Двигаясь в направлении кухни, я наконец получаю шанс почесать затылок. Начав, я уже не могу остановиться. Зуд проснулся в затылке – зуд, от которого годами я спасался всей таблицей Менделеева, зуд, который просыпается каждый раз, когда на мои глаза попадается сращиватель. Внизу моего затылка, под прикрытием волос, круг обоженной кожи прячет старый шрам от жала, а шрам прячет в себе зуд. С великим трудом, я перестаю чесаться – как раз тогда, когда Зоя нагоняет меня.
Суп у Зои получился густой и вязкий, больше похожий на рагу. Пусть выглядит он и несколько провокационно, на вкус суп оказывается вне всяких похвал. Зоя наливает себе порцию, а потом усаживается за стол напротив меня. Я снова замечаю, что левый рукав ее майки закатан по локоть, а правый не закатан вовсе. Зоя уплетает варево с пугающей скоростью, смачно чавкая и наматывая макароны на ложку. Я едва-едва съедаю половину тарелки, когда Зоя бросает ложку и начинает собирать остатки ломтем булки. Когда остатки заканчиваются, Зоя берет тарелку и вылизывает ее, после чего откидывается на спинку стула. Ее лицо приобретает удовлетворенное выражение.
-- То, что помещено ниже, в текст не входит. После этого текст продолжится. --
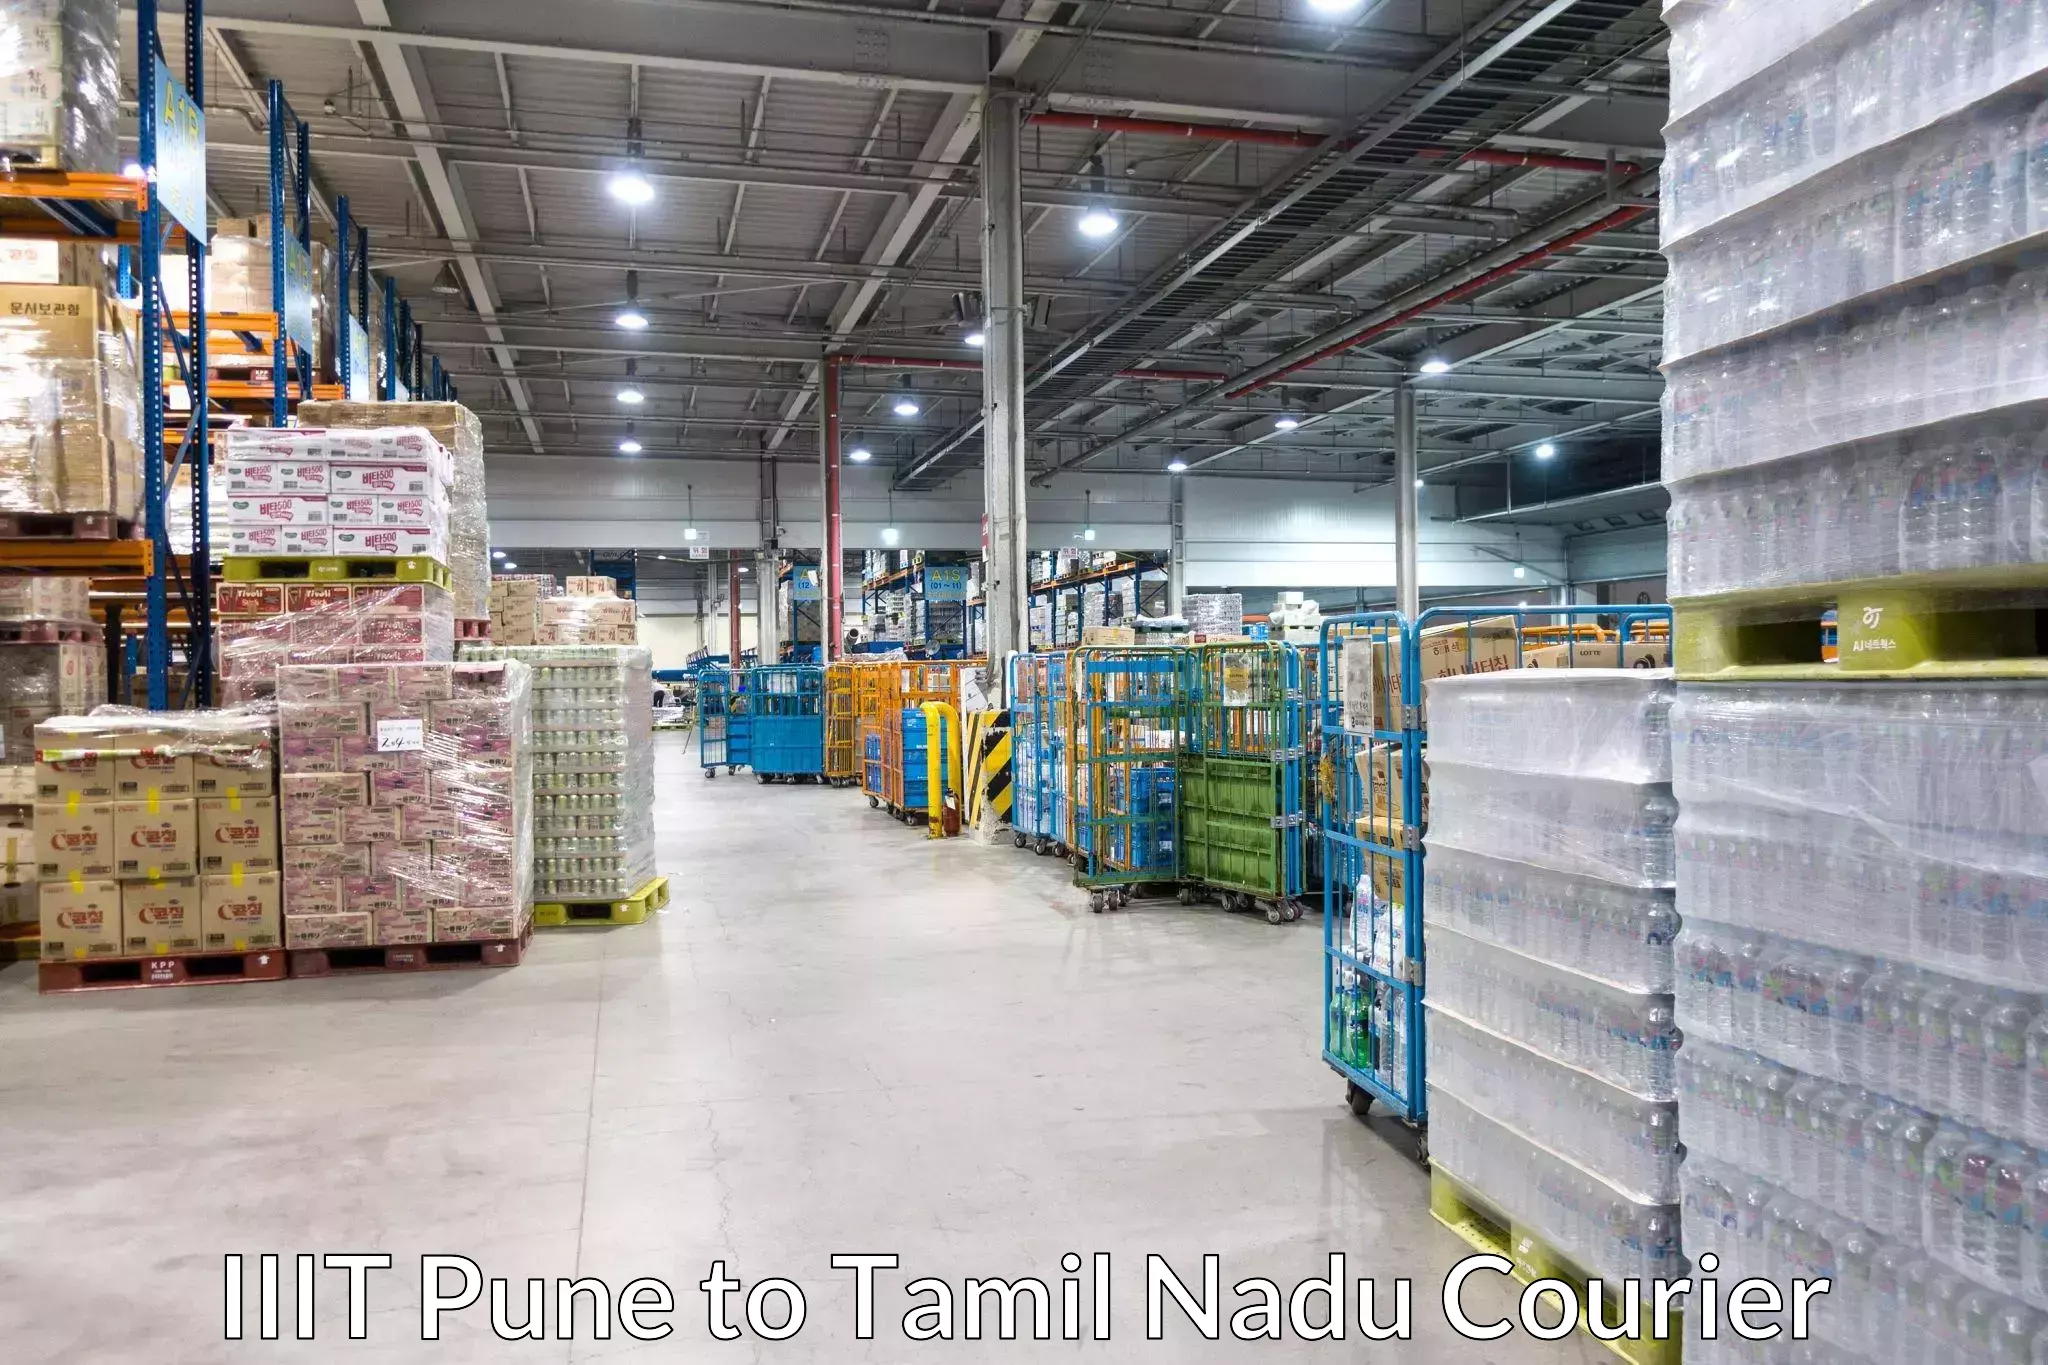 Comprehensive shipping network IIIT Pune to IIIT Tiruchirappalli

Я вытираю губы салфеткой и делаю небольшой глоток из чашки.
– Очень вкусно, – говорю я, стараясь замять неловкую паузу, существование которой Зоя не замечает. – Я думал, правда, ты с тефтелями сделаешь. У меня фарш был…
– Херня твой фарш. Я до рынка дошла. Что, не нравится, что ли?
– Нравится. Только из чего он?
– А из всего, – говорит Зоя, и довольно улыбается, прикрыв глаза. – В балдыре местном вообще пусто, только банки с борщом. Рынок – другое дело. Жаль только, что бомбассы не было.
– Чего не было?
– Бомбассы, – повторяет Зоя, смакуя слово. – Такая рыба, кистеперая. Огромная. Вкусная… – мечтательно тянет она, и облизывается. – Но коварная! На Аляске ее полным-полно. Выползет, понимаешь, ночью. На побережье. И в землю ховается. А тут из-за камней стройбат с саперками – ррраз! И давай ее месить. Потом коптят и продают. Но это если они – ее. А то всякое бывает. У нее такие зубы, Петя, такие щупальца, ты бы знал…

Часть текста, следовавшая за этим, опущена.